You can read the full text of the remarks at the link, but the gist of Pompeo's remarks was that:
1. The U.S. is, and always has been, a "force for good" in the Middle East,
2. That Iran, OTOH, is massively evil and stinky and bad.
3. That Obama was almost as bad and stinky as Iran because he tippy-toed around in the Middle East while "apologizing" for bad U.S. behavior,
4. Unlike Trump, who is a real Man and loves him some muscular Christian war against eeeeevil Islamist terrorism and Iran,
5. That Real Muslims like y'all love, too!
Fred Kaplan sums up the problems with this nonsense better than I can, so I can't do better than quote him:
“America is a force for good in the Middle East,” Pompeo said at the start of his speech. But to the extent he defined good, it was solely in terms of helping certain allies (mainly Israel, Egypt, and Saudi Arabia) while hurting certain enemies (ISIS, terrorists, and especially Iran). There was no recognition of complexity: Nothing was said about the Saudi bombing of Yemen (only Iran was painted as a force for bad, contrary to human-rights organizations); nothing was said about Trump’s divisions with Europe over Iran; nothing was said (one way or the other) about the role of Russia or Turkey in the Syrian conflict, or the Saudi murder of a U.S.-based journalist.My question, though, is this - is this really "indulging in partisan mythologies"?
Obama may have been naïve in hoping that the pursuit of common ground and mutual interests might soothe the ancient tensions between Shiite and Sunni Muslims or upend the chessboard of Great Game geopolitics that have played on those tensions for centuries. But Pompeo’s speech makes clearer than ever that Trump has no interest in trying to soothe anything: He wants to take sides in the conflict, join the war—but even here, he has no idea how to do so with authority or effectiveness. He is indulging in partisan mythologies that bear little relation to the actual past and shed little insight on a fruitful way forward."
Or does this joker - and, by inference, his Orange Master - truly believe this nonsense?

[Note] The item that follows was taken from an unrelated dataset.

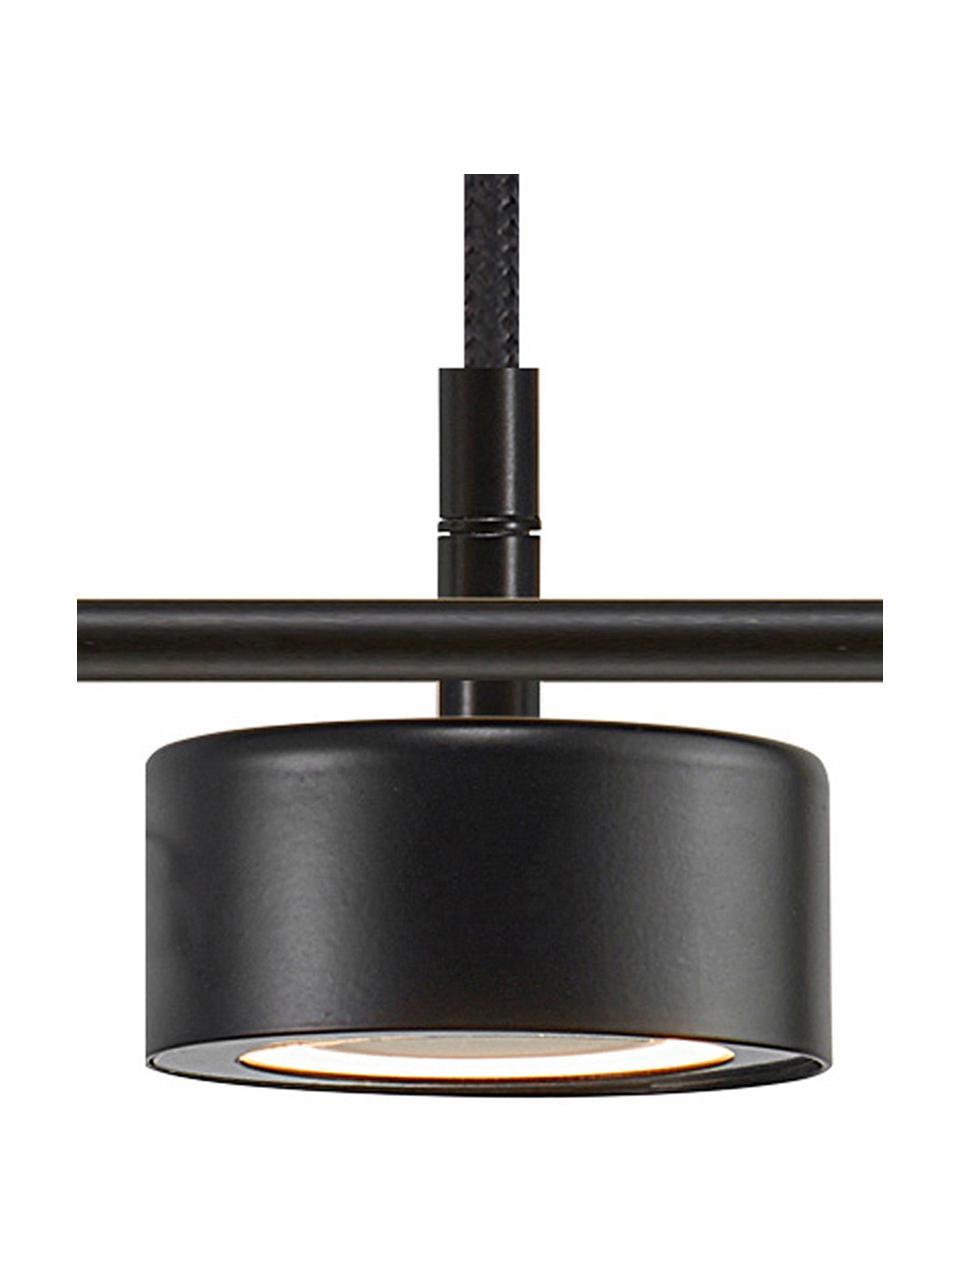 Große Dimmbare LED Pendelleuchte Clyde, Lampenschirm: Metall, beschichtet, Baldachin: Metall, beschichtet, Schwarz, 115 x 10 cm

I think the difference makes a difference, and that, in turn, goes back to the issue k about the difference between Trump and the Trumpkins words, and deeds.

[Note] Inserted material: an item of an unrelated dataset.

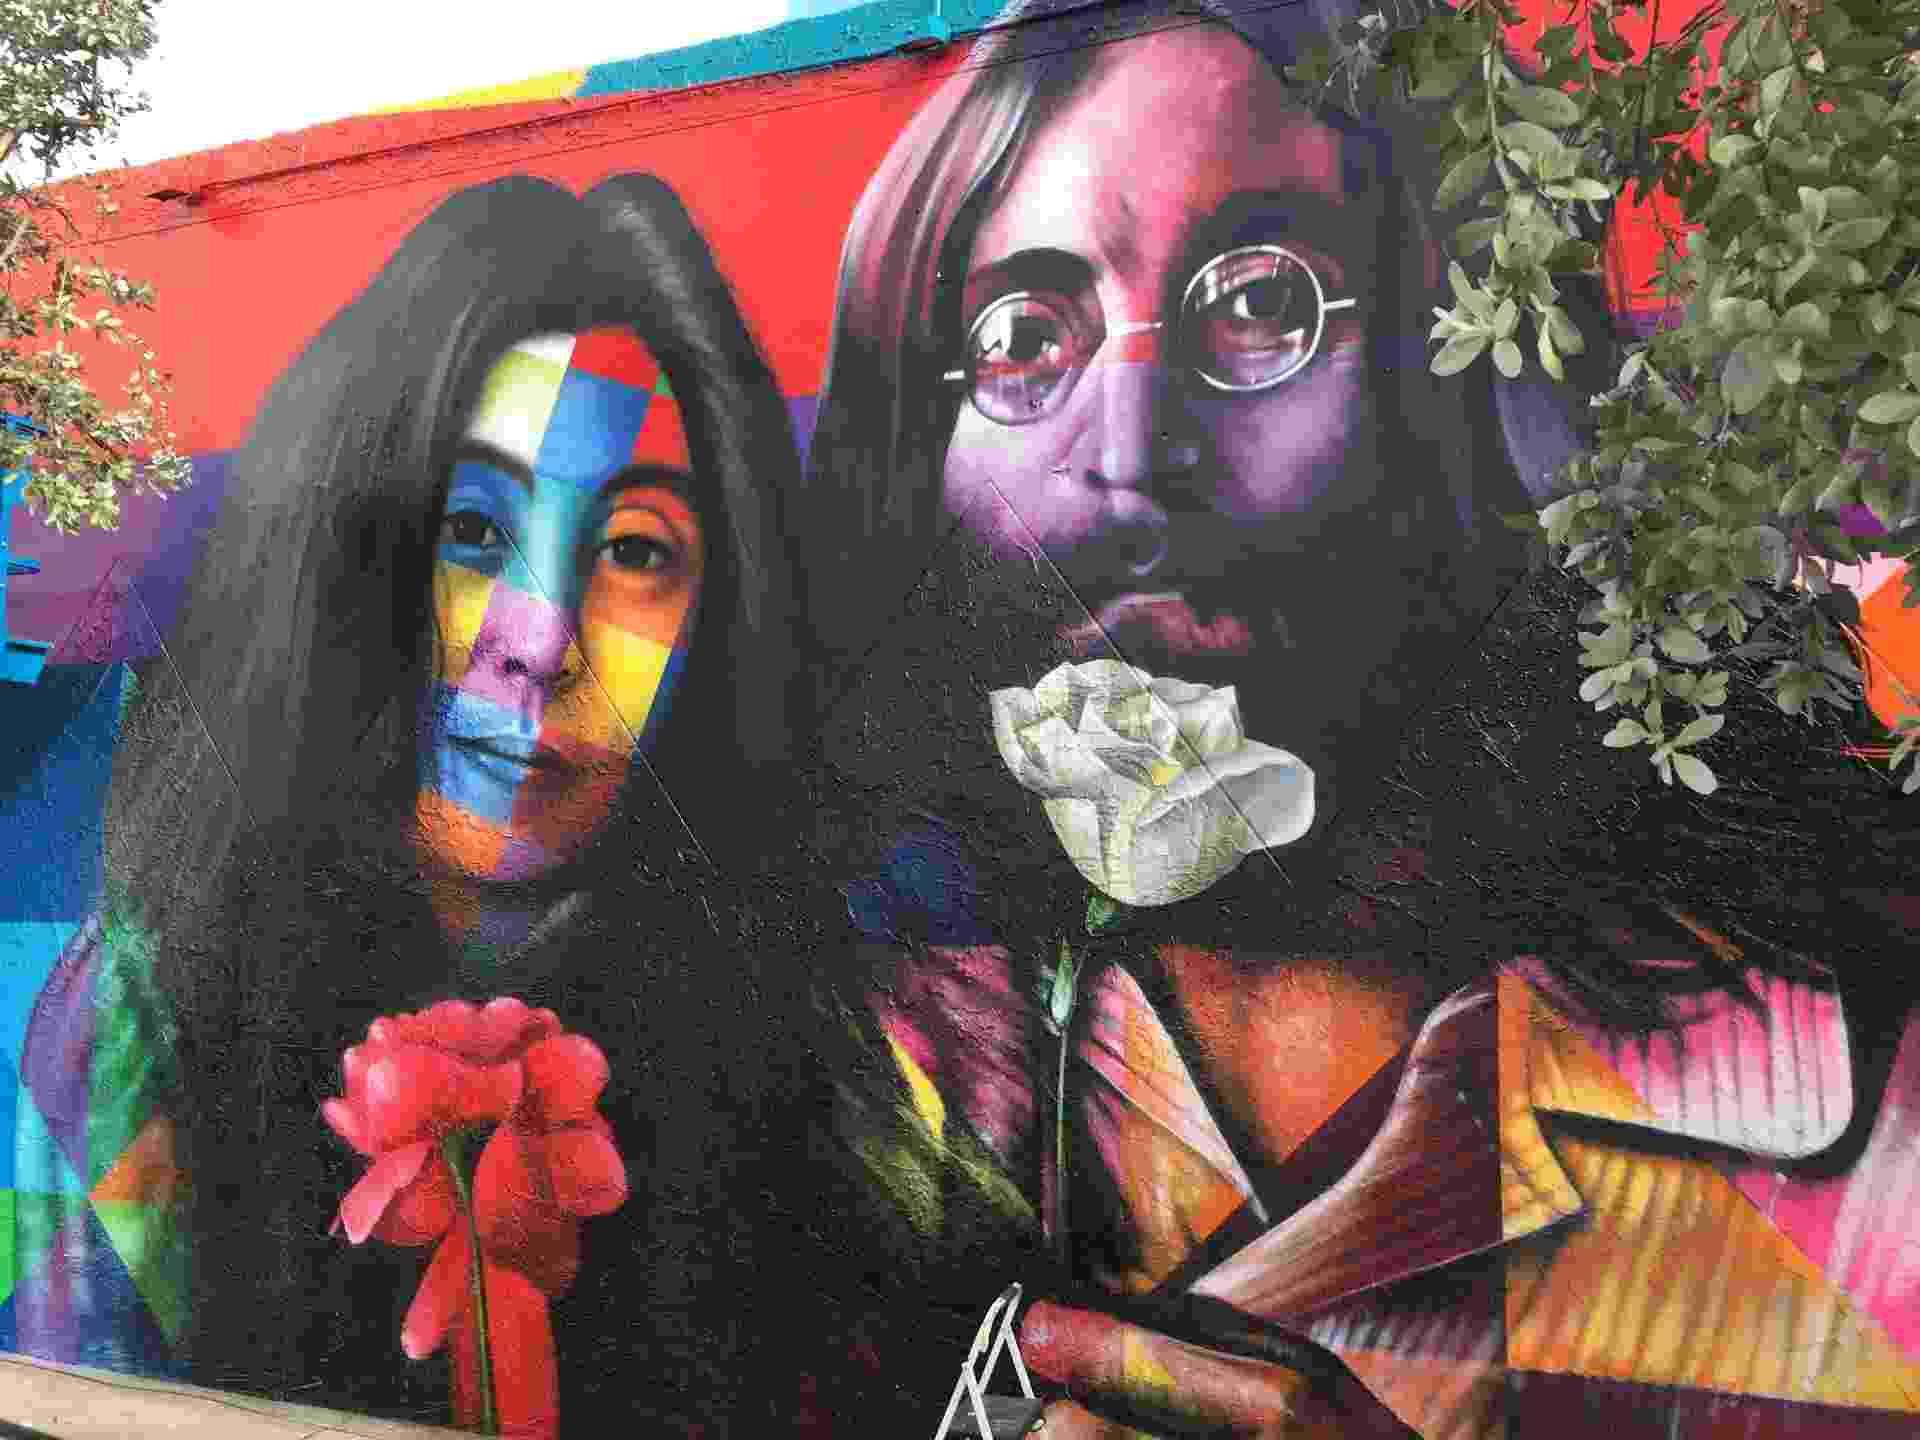 """7.dez.2015 - Kobra entregou um painel em homenagem a John Lennon um dia antes do aniversário de 35 anos da morte do ex-beatle. A obra, batizada """"Dê Uma Chance à Paz"""" está exposta em um muro de Wynwood, em Miami (EUA) - Divulgação"""

If this Pompeo word salad is simply an attempt to blow more smoke up the Arab world's backside, that's one thing. Propaganda and blather can be simply the bodyguard of lies that can be re-arranged, or abandoned, as needed. A realistic Middle Eastern policy can be crafted with one hand whilst the other performs silly magic tricks to distract the
But the precedent here is the Bushies. I truly believe that the bulk of the Bush cabal really, truly believed their neo-conservative nonsense about smoking guns and mushroom clouds and letting freedom reign. The cynics, the Cheneys, were the minority. I think the bulk of the Bush coterie were captured by their own rhetorical disinformation and air-castle fantasies.
The trouble with sussing out the difference is the long history of piss-poor U.S. geopolitical strategic thinking. It's damn deadly difficult to determine whether the mistakes are deliberate and caused by a boneheaded idee fixee' driven into the policymakers heads by some political philosophy (whether Ayn Randian free market fantasies or "liberal interventionist" fantasies really makes no nevermind...), or whether they were simply mistakes driven by poor intelligence analyses and craptacular institutional structures of the U.S. geopolitical decisionmaking apparatus.
I think it makes a big difference whether these people are the fools, or the fooled.
But I'm damned if I can figure out which.